**Information provided**
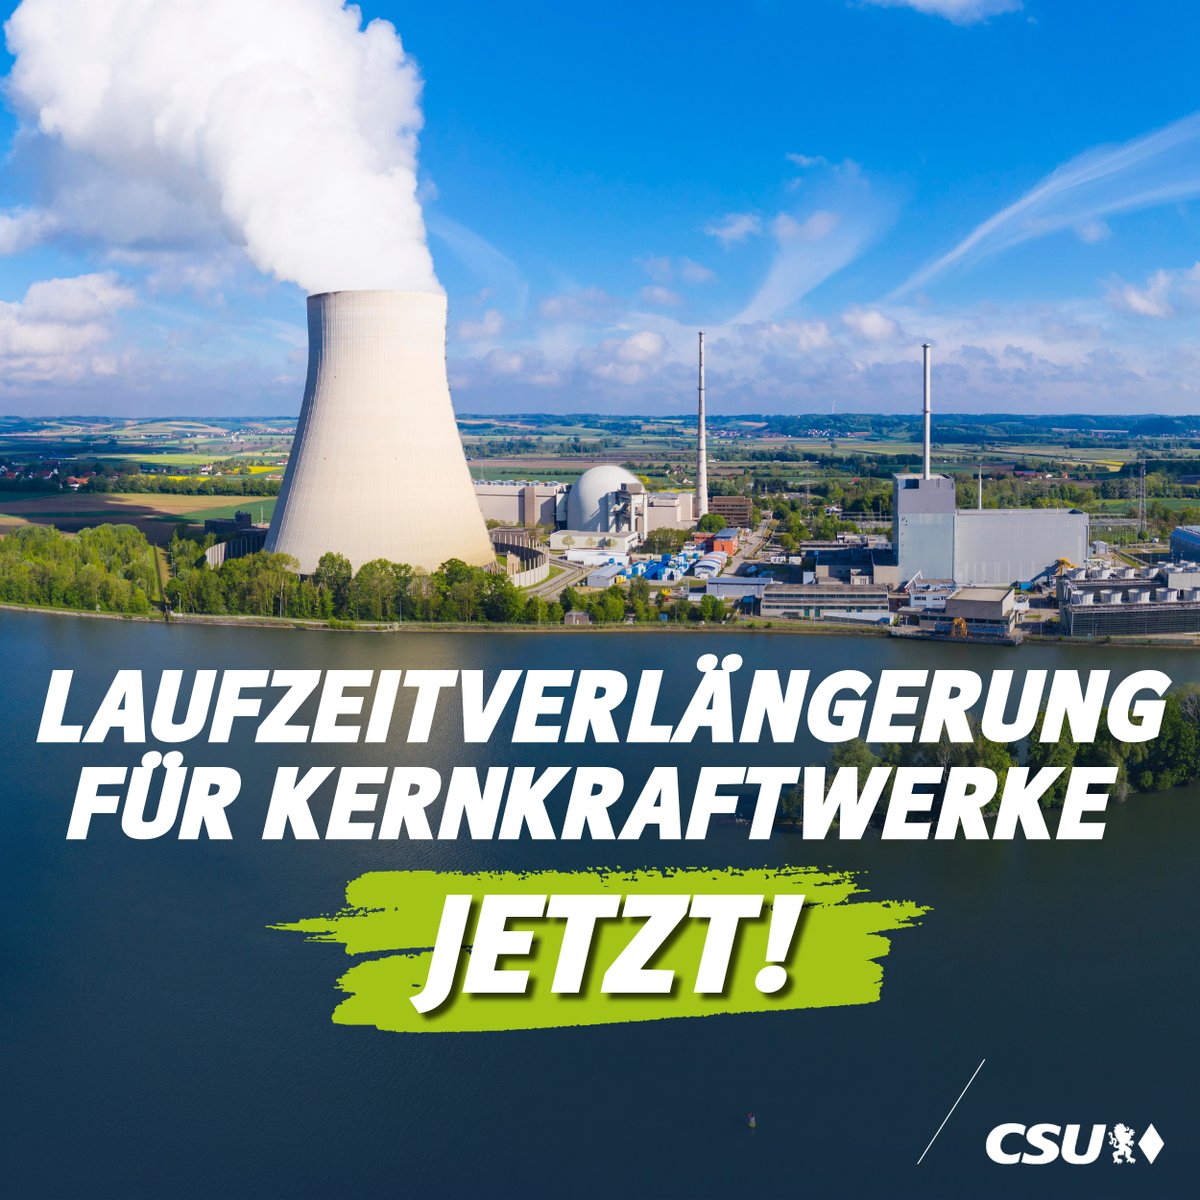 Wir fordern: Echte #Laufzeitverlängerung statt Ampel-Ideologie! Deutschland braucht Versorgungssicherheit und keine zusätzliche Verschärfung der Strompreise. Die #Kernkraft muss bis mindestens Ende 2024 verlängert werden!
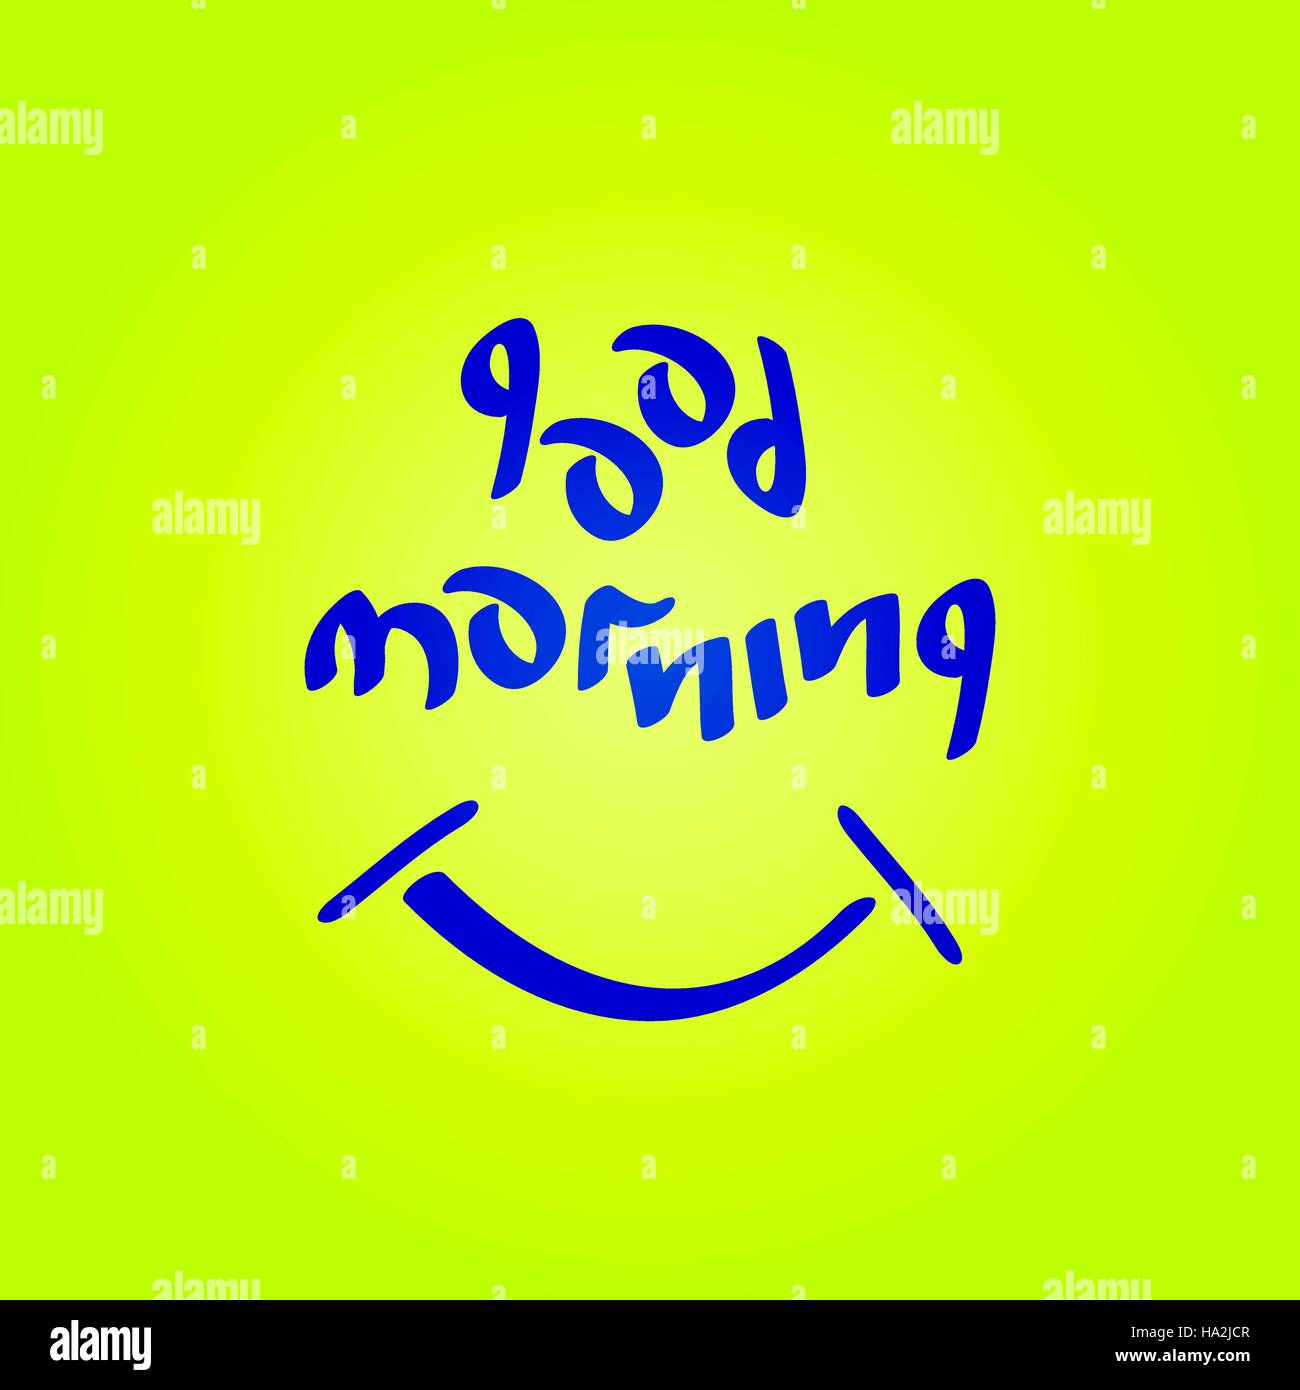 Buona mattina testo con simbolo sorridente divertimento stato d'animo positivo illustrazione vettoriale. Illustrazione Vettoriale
--
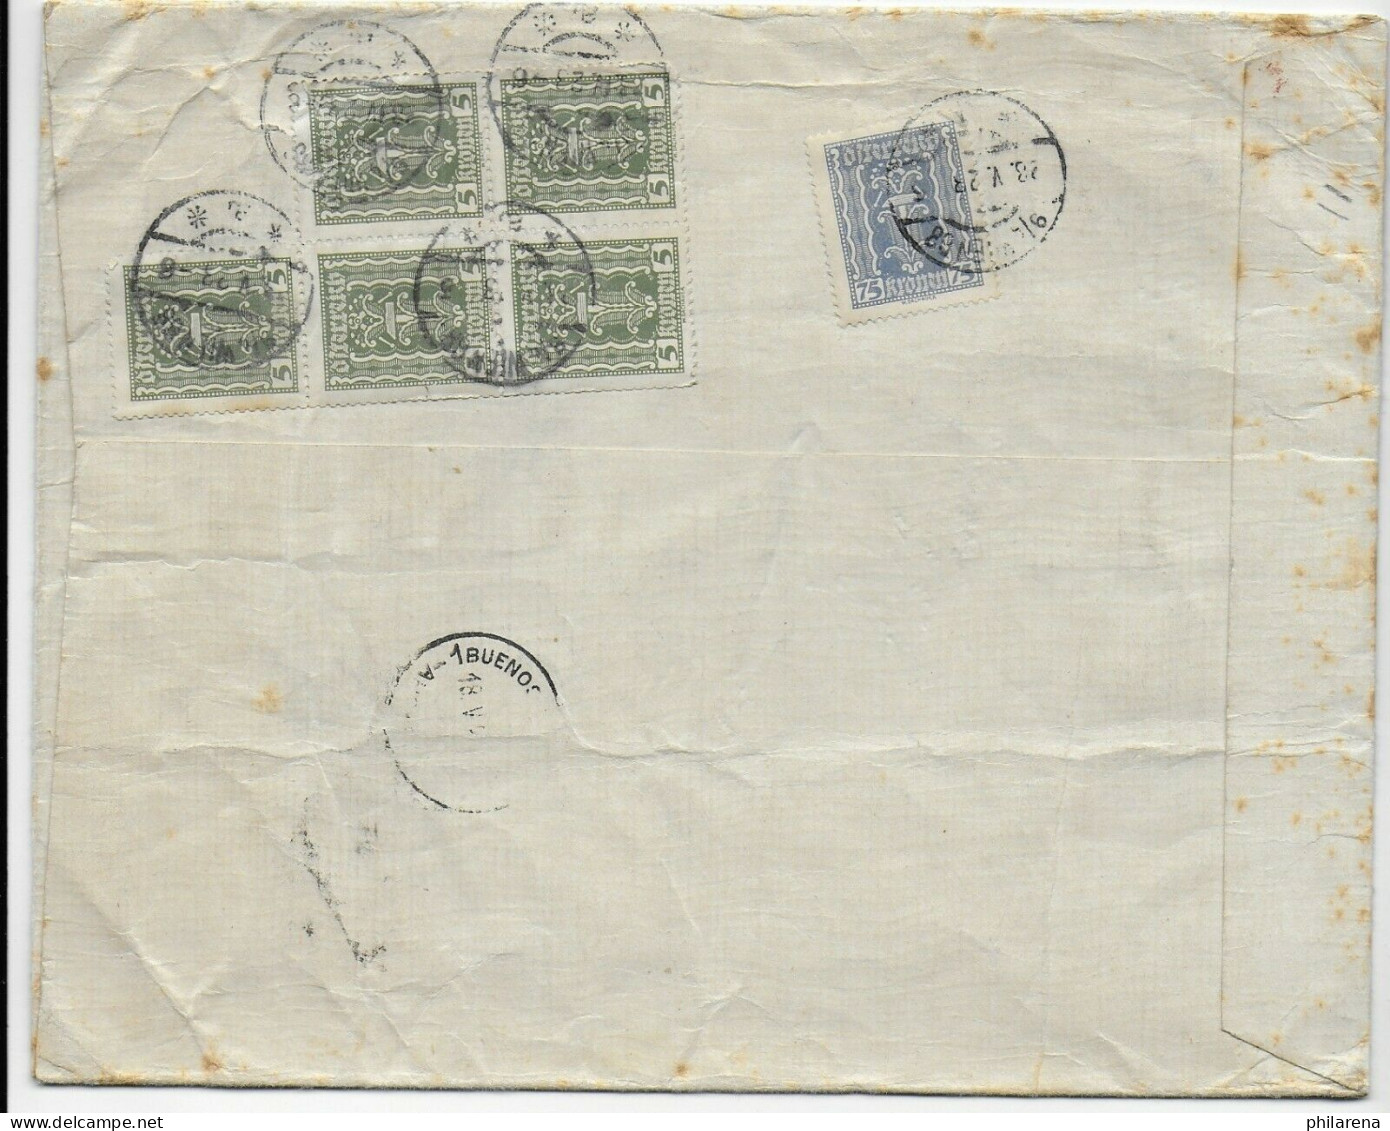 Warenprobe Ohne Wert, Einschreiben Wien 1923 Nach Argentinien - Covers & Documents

**Problem details**
Work from the entries above. Set down exactly and only the lines from the line with "Wir fordern: Echte" to the line with "Buona mattina testo", both included, and leave the pictures out.

**Output**
 Wir fordern: Echte #Laufzeitverlängerung statt Ampel-Ideologie! Deutschland braucht Versorgungssicherheit und keine zusätzliche Verschärfung der Strompreise. Die #Kernkraft muss bis mindestens Ende 2024 verlängert werden!
 Buona mattina testo con simbolo sorridente divertimento stato d'animo positivo illustrazione vettoriale. Illustrazione Vettoriale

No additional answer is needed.